— REQUIRED ACTION —
Your answer should consist only of the line with "LEVI'S Premium The" and the lines after it, reproduced exactly through the end of the entries below.

▶

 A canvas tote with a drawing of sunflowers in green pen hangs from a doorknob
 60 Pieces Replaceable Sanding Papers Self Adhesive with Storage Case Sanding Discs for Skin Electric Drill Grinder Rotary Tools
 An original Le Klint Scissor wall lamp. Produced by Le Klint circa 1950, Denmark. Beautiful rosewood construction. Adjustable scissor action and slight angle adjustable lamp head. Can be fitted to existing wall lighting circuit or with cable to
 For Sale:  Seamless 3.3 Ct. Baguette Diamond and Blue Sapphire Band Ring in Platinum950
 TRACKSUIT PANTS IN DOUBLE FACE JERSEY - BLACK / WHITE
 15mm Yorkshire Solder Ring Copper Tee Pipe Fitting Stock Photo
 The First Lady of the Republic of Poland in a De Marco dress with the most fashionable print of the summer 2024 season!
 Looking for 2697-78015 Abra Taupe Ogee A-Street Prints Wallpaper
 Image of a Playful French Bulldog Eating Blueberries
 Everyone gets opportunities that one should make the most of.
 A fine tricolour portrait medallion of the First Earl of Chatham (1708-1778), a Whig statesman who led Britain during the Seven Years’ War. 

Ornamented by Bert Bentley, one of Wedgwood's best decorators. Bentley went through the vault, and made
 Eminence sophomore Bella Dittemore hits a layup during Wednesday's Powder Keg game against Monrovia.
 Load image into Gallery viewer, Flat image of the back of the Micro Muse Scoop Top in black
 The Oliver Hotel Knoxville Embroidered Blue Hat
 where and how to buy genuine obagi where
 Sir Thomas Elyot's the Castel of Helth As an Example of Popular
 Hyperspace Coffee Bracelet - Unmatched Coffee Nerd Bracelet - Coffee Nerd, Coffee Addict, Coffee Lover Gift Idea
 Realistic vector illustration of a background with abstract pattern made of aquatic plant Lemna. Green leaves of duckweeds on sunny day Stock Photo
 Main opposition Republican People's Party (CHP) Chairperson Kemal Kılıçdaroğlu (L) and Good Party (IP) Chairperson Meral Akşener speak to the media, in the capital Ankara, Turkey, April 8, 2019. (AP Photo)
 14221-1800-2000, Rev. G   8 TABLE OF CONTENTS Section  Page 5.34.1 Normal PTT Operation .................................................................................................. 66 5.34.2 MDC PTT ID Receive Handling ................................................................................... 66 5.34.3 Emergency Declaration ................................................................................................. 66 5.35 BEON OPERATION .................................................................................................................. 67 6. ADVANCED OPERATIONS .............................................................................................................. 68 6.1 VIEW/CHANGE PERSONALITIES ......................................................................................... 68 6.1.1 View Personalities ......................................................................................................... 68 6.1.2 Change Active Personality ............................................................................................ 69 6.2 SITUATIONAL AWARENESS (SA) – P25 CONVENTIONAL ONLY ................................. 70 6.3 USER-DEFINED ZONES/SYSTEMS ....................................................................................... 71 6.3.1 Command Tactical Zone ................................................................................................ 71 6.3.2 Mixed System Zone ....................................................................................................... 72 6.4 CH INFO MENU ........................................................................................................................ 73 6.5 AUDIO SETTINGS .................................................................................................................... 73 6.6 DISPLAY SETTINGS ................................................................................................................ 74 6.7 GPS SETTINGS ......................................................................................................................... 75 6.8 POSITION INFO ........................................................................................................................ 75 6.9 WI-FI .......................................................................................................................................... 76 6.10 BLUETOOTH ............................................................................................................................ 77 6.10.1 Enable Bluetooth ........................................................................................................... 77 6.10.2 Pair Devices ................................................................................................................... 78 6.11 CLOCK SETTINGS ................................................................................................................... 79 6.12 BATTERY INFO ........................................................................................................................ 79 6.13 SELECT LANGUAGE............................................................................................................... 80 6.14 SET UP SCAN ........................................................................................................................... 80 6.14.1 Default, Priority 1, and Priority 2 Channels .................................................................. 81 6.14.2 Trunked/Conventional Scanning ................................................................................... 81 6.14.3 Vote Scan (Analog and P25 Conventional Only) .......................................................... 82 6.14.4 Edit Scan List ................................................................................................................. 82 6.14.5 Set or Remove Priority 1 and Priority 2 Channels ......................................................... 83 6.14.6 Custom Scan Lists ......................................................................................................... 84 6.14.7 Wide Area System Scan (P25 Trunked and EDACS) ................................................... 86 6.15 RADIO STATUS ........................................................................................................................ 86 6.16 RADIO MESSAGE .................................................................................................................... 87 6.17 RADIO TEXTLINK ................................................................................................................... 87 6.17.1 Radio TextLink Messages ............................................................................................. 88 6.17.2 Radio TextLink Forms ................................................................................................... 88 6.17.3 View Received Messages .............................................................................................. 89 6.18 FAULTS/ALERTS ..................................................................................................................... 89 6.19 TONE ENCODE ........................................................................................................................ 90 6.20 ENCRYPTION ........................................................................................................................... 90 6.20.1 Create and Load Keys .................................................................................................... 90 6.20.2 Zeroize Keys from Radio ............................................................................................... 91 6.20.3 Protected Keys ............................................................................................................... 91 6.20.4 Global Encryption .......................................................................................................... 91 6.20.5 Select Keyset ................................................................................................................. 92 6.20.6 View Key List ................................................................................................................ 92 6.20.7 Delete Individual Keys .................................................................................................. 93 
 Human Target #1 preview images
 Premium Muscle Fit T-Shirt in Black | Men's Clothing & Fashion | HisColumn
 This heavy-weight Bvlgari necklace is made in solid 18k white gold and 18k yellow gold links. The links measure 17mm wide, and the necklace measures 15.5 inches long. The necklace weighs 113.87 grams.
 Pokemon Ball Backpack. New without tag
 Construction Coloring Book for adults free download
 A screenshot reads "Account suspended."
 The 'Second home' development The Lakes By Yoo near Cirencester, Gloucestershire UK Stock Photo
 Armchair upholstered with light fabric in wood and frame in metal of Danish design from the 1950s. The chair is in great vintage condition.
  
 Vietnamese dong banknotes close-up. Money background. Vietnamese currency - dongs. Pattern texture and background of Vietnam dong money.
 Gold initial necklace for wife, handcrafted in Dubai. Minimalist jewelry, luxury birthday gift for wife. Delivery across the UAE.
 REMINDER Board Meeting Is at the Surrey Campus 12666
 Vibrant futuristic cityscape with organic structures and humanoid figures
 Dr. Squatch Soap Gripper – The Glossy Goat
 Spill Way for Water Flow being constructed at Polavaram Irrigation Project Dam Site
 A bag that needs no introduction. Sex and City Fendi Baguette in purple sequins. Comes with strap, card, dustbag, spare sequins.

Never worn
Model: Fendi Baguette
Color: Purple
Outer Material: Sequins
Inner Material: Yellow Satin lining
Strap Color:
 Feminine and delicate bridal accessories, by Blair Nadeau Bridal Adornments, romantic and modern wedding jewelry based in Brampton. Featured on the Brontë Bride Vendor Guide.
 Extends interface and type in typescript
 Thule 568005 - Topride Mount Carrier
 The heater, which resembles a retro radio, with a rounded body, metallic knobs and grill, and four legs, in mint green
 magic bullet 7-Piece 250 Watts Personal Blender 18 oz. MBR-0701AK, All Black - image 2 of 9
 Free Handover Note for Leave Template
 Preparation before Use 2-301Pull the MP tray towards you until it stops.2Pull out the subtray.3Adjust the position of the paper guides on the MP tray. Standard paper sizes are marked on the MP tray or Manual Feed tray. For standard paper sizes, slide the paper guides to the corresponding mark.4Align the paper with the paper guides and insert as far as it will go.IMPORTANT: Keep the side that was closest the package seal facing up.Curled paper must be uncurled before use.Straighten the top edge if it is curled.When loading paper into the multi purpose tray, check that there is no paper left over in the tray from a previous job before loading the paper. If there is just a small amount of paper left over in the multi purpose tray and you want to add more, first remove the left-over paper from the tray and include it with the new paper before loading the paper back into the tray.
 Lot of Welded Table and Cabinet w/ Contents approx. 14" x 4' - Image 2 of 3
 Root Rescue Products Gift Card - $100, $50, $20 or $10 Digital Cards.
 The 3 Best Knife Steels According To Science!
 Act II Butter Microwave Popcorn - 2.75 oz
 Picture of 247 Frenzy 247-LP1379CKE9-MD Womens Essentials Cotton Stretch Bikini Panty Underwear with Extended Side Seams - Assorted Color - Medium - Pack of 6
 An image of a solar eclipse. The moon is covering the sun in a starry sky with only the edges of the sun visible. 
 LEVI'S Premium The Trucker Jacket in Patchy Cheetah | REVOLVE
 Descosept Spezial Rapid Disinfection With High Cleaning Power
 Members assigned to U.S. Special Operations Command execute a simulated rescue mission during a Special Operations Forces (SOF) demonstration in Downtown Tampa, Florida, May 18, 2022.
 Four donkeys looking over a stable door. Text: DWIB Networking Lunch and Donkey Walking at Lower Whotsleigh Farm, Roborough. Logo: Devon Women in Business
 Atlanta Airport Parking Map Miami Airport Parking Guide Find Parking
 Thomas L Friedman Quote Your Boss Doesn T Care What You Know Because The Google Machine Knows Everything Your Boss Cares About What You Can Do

◀

— WRITTEN RESPONSE —
 LEVI'S Premium The Trucker Jacket in Patchy Cheetah | REVOLVE
 Descosept Spezial Rapid Disinfection With High Cleaning Power
 Members assigned to U.S. Special Operations Command execute a simulated rescue mission during a Special Operations Forces (SOF) demonstration in Downtown Tampa, Florida, May 18, 2022.
 Four donkeys looking over a stable door. Text: DWIB Networking Lunch and Donkey Walking at Lower Whotsleigh Farm, Roborough. Logo: Devon Women in Business
 Atlanta Airport Parking Map Miami Airport Parking Guide Find Parking
 Thomas L Friedman Quote Your Boss Doesn T Care What You Know Because The Google Machine Knows Everything Your Boss Cares About What You Can Do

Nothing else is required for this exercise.